La abdicación del rey Juan Carlos I cierra el mejor y más fructífero periodo de la monarquía constitucional en España. El primer rey de la misma dinastía borbónica que juró marchar el primero por la senda constitucional, Fernando VII, resultó muy pronto un rey perjuro. Su hija acabó sus días en el trono cuando aún no había cumplido cuarenta años expulsada, como imposible señora, por sus propios partidarios. El nieto de Isabel, Alfonso XIII, salió entre coplas de las gentes echadas un buen día de abril a la calle, como resultado, por cierto, de unas elecciones municipales.

La duración del reinado de Juan Carlos I ha roto esa especie de maleficio que ha llevado a España al primer lugar de la clasificación de reyes depuestos. La razón consiste en que, por vez primera en nuestra muy asendereada historia, la monarquía se ha reconciliado definitivamente con la democracia, y no porque desde el origen Juan Carlos haya sido un rey demócrata sino porque la Constitución de 1978 relegó al olvido una constante de las constituciones españolas del siglo XIX: que el Rey era, con las Cortes, soberano.

Liquidada la soberanía regia, convertidos pues todos los españoles en único sujeto de soberanía, España entró en un proceso de construcción de un Estado democrático que procedió a una profunda distribución del poder territorial con el desarrollo de las autonomías regionales. Dicho de otro modo, entró en un proceso del que las crisis son como una segunda naturaleza: no hay ejemplos en que las democracias se hayan prolongado durante décadas sin experimentar crisis profundas; la española, por sus frágiles bases en una desdichada historia, no podía ser menos, como ya en 1981 se puso de manifiesto.

Pero es propio también de las democracias, y solo de ellas, encontrar soluciones para las crisis que de manera intermitente amenazan sus fundamentos. En esta capacidad de encontrar caminos de salida a sus crisis, las democracias gozan de clara superioridad sobre las dictaduras o los estados totalitarios que, simplemente, se descomponen y acaban por hundirse. Por los recursos de que dispone, si no es asaltada desde el interior o desde el exterior por ejércitos rebeldes o conquistadores, las democracias acaban encontrando el camino para salir de sus crisis... hasta la siguiente.

Lo que sufrimos en España no es, como tanto se repite, el agotamiento de un supuesto "régimen" inventado en 1978. Lo que realmente sufrimos al menos desde hace una década, cuando se hizo evidente la necesidad de reformar la Constitución y las leyes que han dado origen al sistema de partidos, es la parálisis de los partidos políticos para abordar esa reforma. Pues si, en efecto, la democracia es el único sistema de poder que sufre crisis en la misma medida en que es capaz de superarlas, también es cierto que por su propia naturaleza toda democracia exige reformar y renovar sus cimientos y sus prácticas si quiere enfrentar los nuevos retos que plantea el paso del tiempo y la aparición de nuevos problemas y nuevas generaciones.

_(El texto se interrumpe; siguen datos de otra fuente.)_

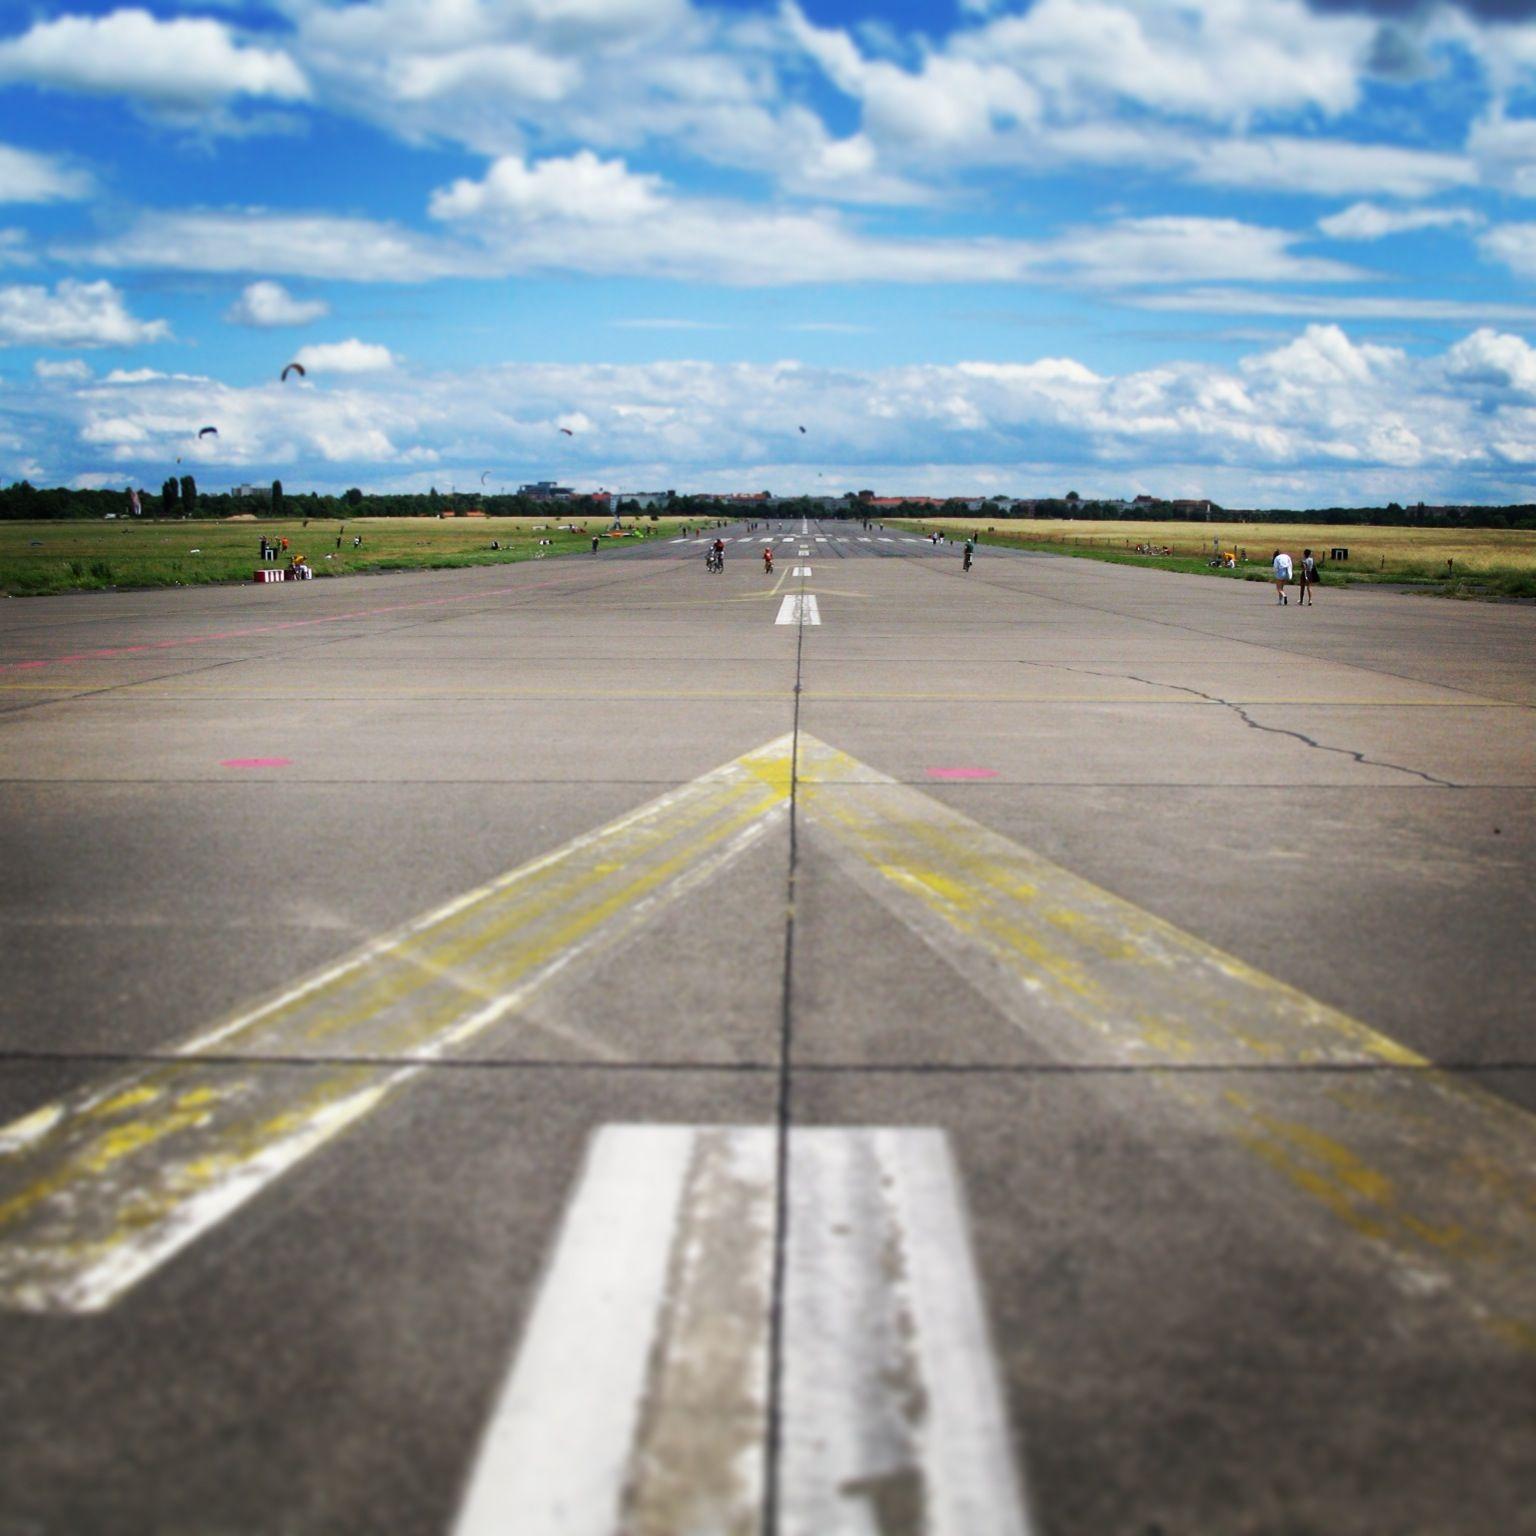 Berlin Tempelhof, The Abandoned Airport In Berlin, Germany

No se ha procedido a esas reformas y ahora solo queda, al parecer, decretar la muerte del llamado régimen del 78. Pues no; lo que queda por hacer es que las instituciones construidas durante estos años y los agentes que las administran recuperen la iniciativa perdida por completo desde que estalló la crisis económica, social y política en la que seguimos sumergidos. Instrumentos para recuperarla no faltan, lo que se necesita es ponerlos en acción, tomar decisiones, impulsar un profundo programa de reformas que eviten, por una vez en nuestra secular manía de tejer y destejer, partir de nuevo de cero, pensar que se puede edificar un futuro sobre un paisaje calcinado.

Por un azar, en el que no falta un elemento de virtud, de fuerza, esa renovación comienza por la cabeza institucional de nuestra forma de Estado. No es el mejor de los augurios posibles que haya ocurrido la semana después de unas elecciones en principio europeas pero suficientes para poner en estado de ebullición a un sistema de partidos que sus dirigentes habían creído eterno. Pero si esas elecciones, o su resultado, despiertan el alma adormecida de los dos exgrandes partidos y les induce a promover y consensuar con otras fuerzas políticas las reformas necesarias, la abdicación del rey habrá sido el último acto de un largo y fecundo servicio, no ya a la Corona, sino a la democracia, que es, al cabo, lo que más importa.